I cannot help but to take note of the relationship between these cases, factoring in their relative
severity and the consequences of the criminal acts at issue with the race and class of the
defendants. There is an ongoing debate about the disparity in sentencing that has been a by-
product of the "urban war on drugs". Would my friend, Tim, have even been targeted for
investigation had he been white, middle class, an attorney or the son of a prominent attorney? I
think we all know the answer to be "probably not". The debate will continue for as long as even
first time drug offenders are sentenced to hard time, while those whose acts result in death are
able to plead bargain to lesser crimes. As an attorney, I understand the burden of proof
requirement for severe cases and the prosecutors’ unwillingness to hold fast for the most severe
charges, running the risk of an acquittal or overturn on appeal. I also understand that Lindh may
possess some valuable information with national security implications. Both dispositions,
however, have left me feeling cheated, and I’m sure that I share that feeling with the victims in
both cases.

To underscore my point, take note of the headlines that appeared in the Washington Post
describing the Knoller and Lindh cases. I have italicized key words to make a point.
"Marjorie Knoller, the San Francisco lawyer whose dog mauled her neighbor to death last year,
was sentenced today to four years in prison for involuntary manslaughter"

"John Walker Lindh, the suburban Californian who converted to Islam and later volunteered his
services to an enemy army in Afghanistan, pleaded guilty yesterday in federal court in
Alexandria to fighting for the Taliban in a deal that will send him to prison for up to 20 years".

Notice the highlighted classifications. These classifications had a bearing on the sentences
imposed and it is this type of classification in sentencing that creates the disparity when Federal
drug guidelines are imposed for victims in the war on drugs who are, for the most part, urban
African American males, the easiest targets.

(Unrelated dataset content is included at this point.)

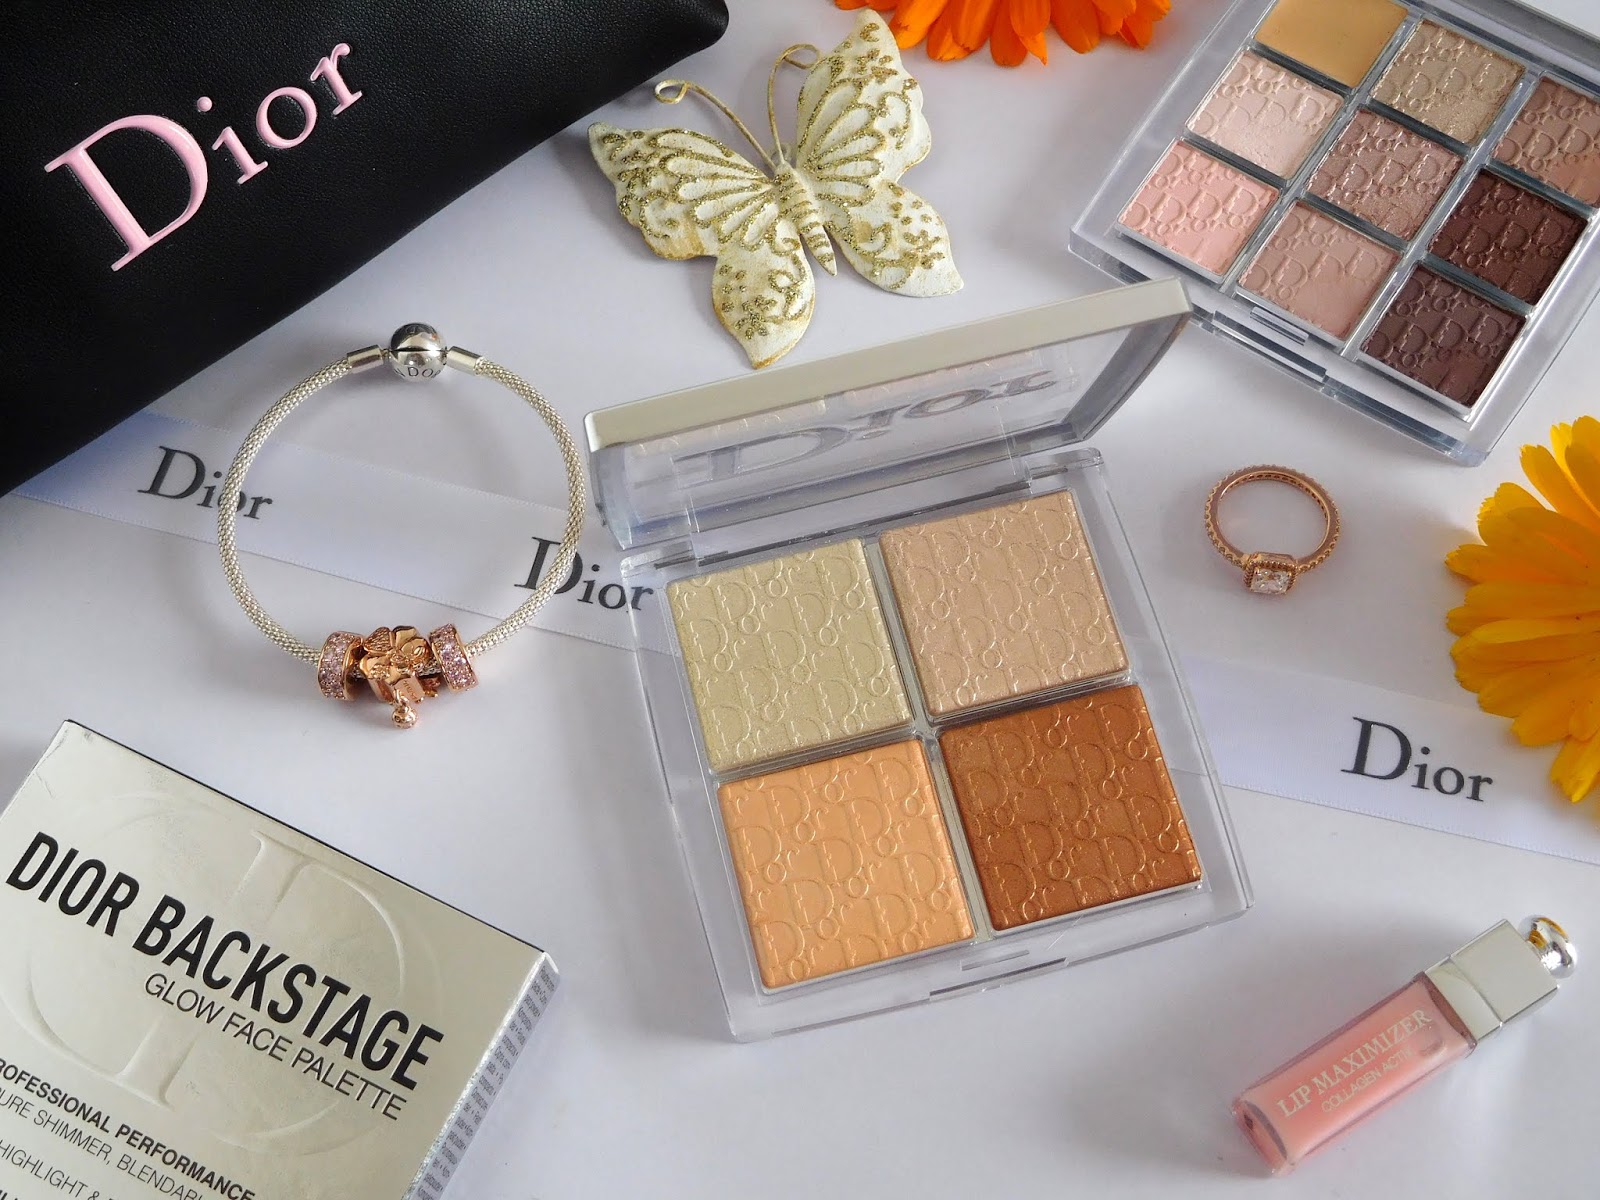 dior backstage glow palette review

Not being a criminal attorney, there is little that I may be able to do to affect the outcome in the
case of Timothy Mills and I grieve over that fact for my friend, his professional and hard-
working mother and sister, all of whom I’ve known for about 35 of my 46 years. Perhaps this
letter may spur someone who has the power to influence Tim’s case and others like it, to
participate in this ongoing debate.

This fall, after their recess, the U.S. Supreme Court will consider, among other issues, the
Constitutionality of the California "Three Strikes" law with regards to two cases, Lockyer v.
Andrade, No. 01-1127, and Ewing v. California, No. 01-6978. "Three Strikes" Laws are designed
to result in life terms for victimless offenses.

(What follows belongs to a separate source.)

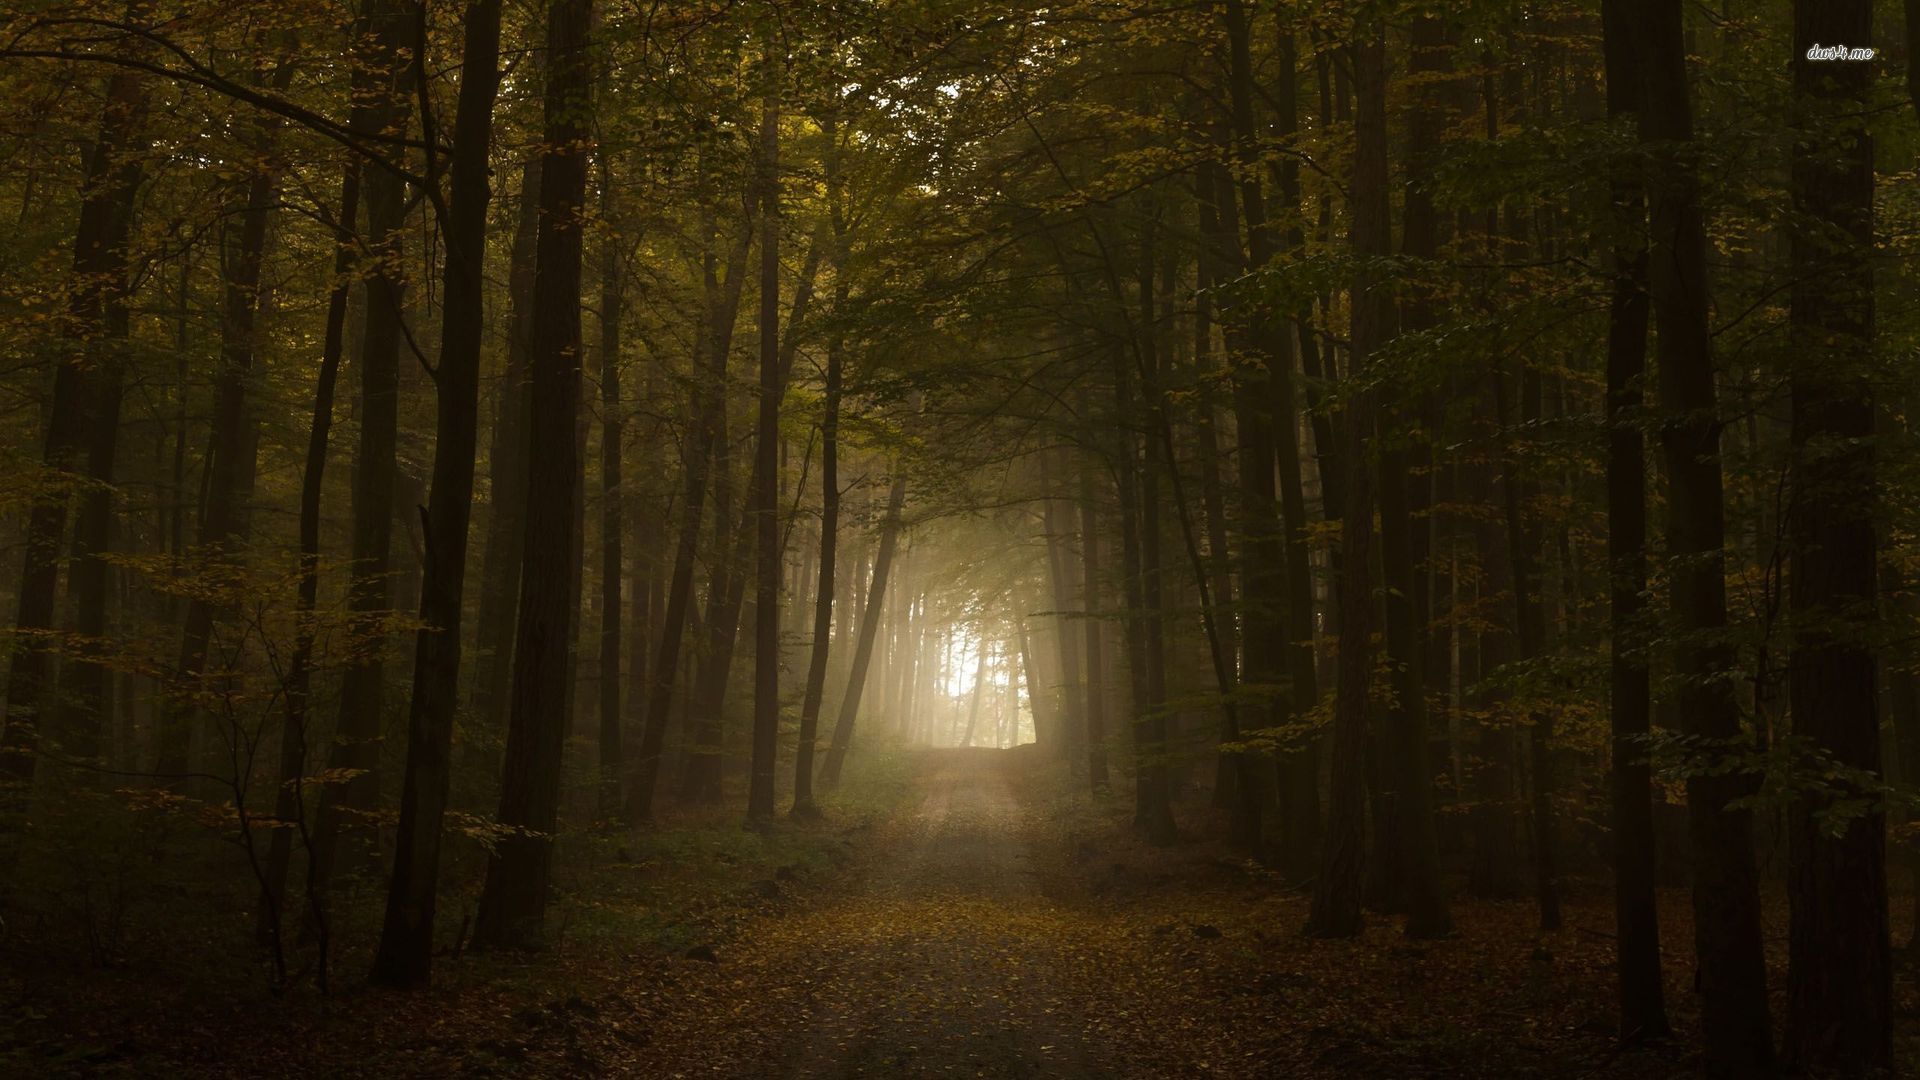 Road through the misty woods wallpaper - Nature wallpapers - #26970

Perhaps this would be a good time to revisit the Eighth Amendment to the U.S. Constitution, that
states
"Excessive bail shall not be required, nor excessive fines imposed, nor cruel and unusual
punishments inflicted"

In layman’s terms, the punishment should fit the crime. Neither race nor class are mentioned in
that language. Does a life sentence fit the crime of being an accessory to a victimless crime? I
suppose we’re about to find that out this fall.